That left Rhode Island, with an 87 percent-Democrat legislature, as the most Democratic state, followed by California, New York and Delaware. The most conservative state was South Dakota, with a 90 percent Republican legislature, followed by Wyoming, North Dakota and Idaho.

The stratification of blue states compared to red ones also  is evident in other measures, including race. When it comes to median income, Rhode Island, New York and Connecticut had the largest gap between whites and Hispanics. Six of the 10 blue states had larger gaps between foreign-born residents and whites than every red state

In California, the average foreign-born resident made only one-third of what native-born Californians earned. By contrast, in Idaho, the average black resident made 85 percent as much as the average white person, the closest thing to racial equity of any state.

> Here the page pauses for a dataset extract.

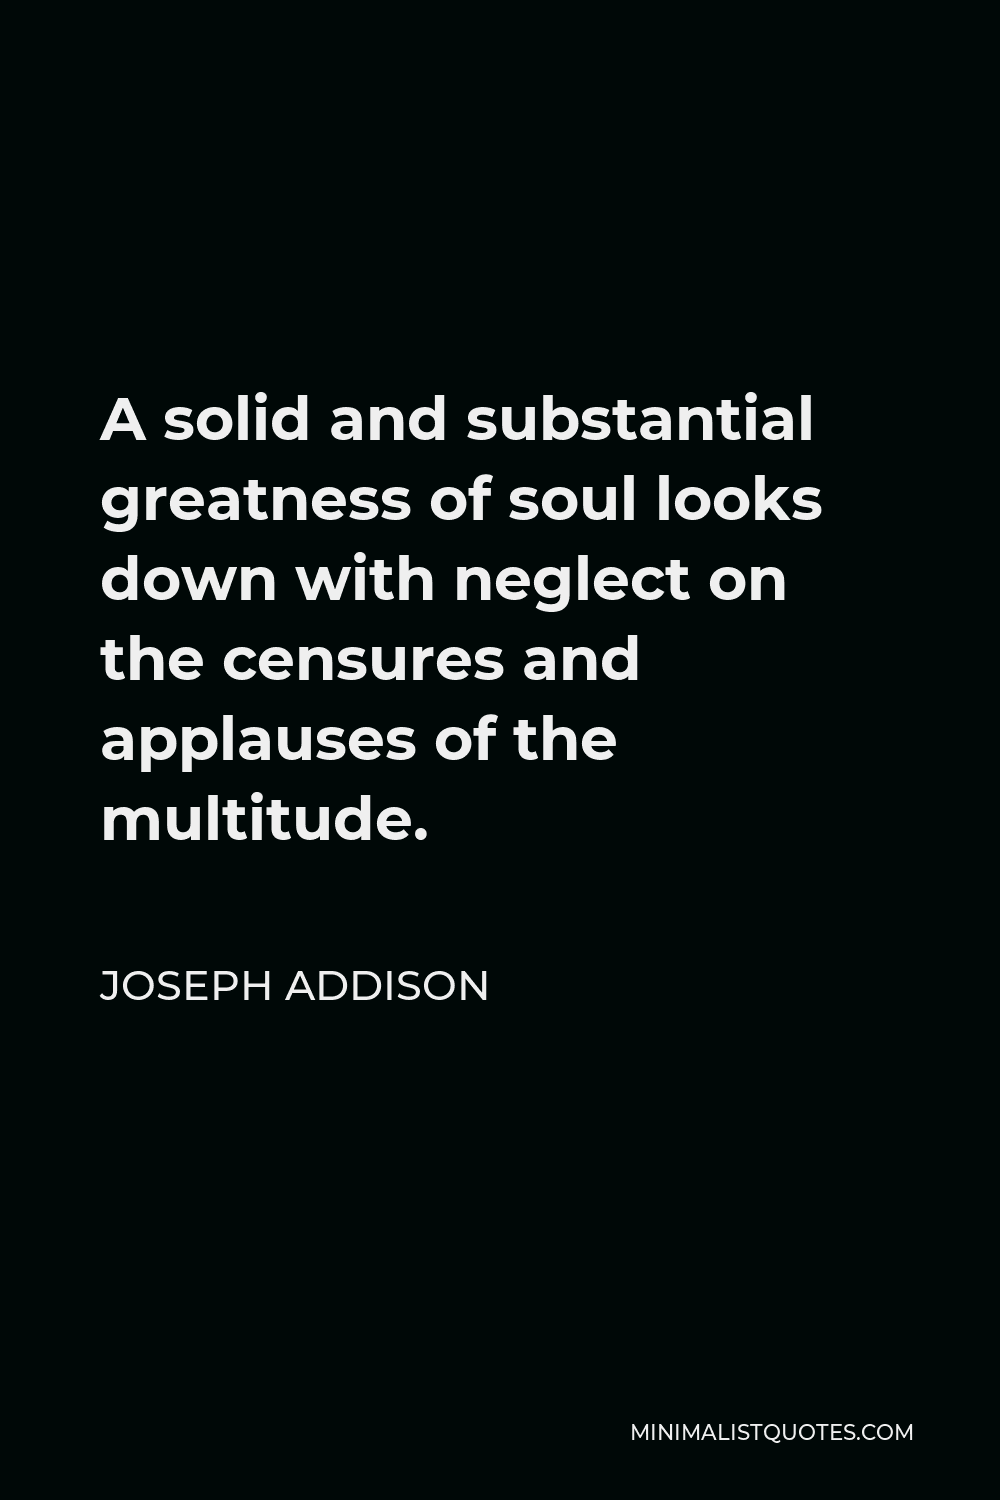 Joseph Addison Quote - A solid and substantial greatness of soul looks down with neglect on the censures and applauses of the multitude.

In Indiana, Hispanics made close to 90 percent as much as whites.

In addition, despite liberals’ professed support of the public school system and the Democrat Party’s close relationship with teachers unions, the more liberal a state, the more likely parents are to send their kids to private school rather than public schools. Rhode Island and New York, two of the three most-liberal states, topped the list at more than 26 percent.

The unequal nature of blue states also was visible in education. Every blue state had higher shares of people with graduate degrees than every red state. But blue states also had some of the highest shares of people who did not even graduate high school.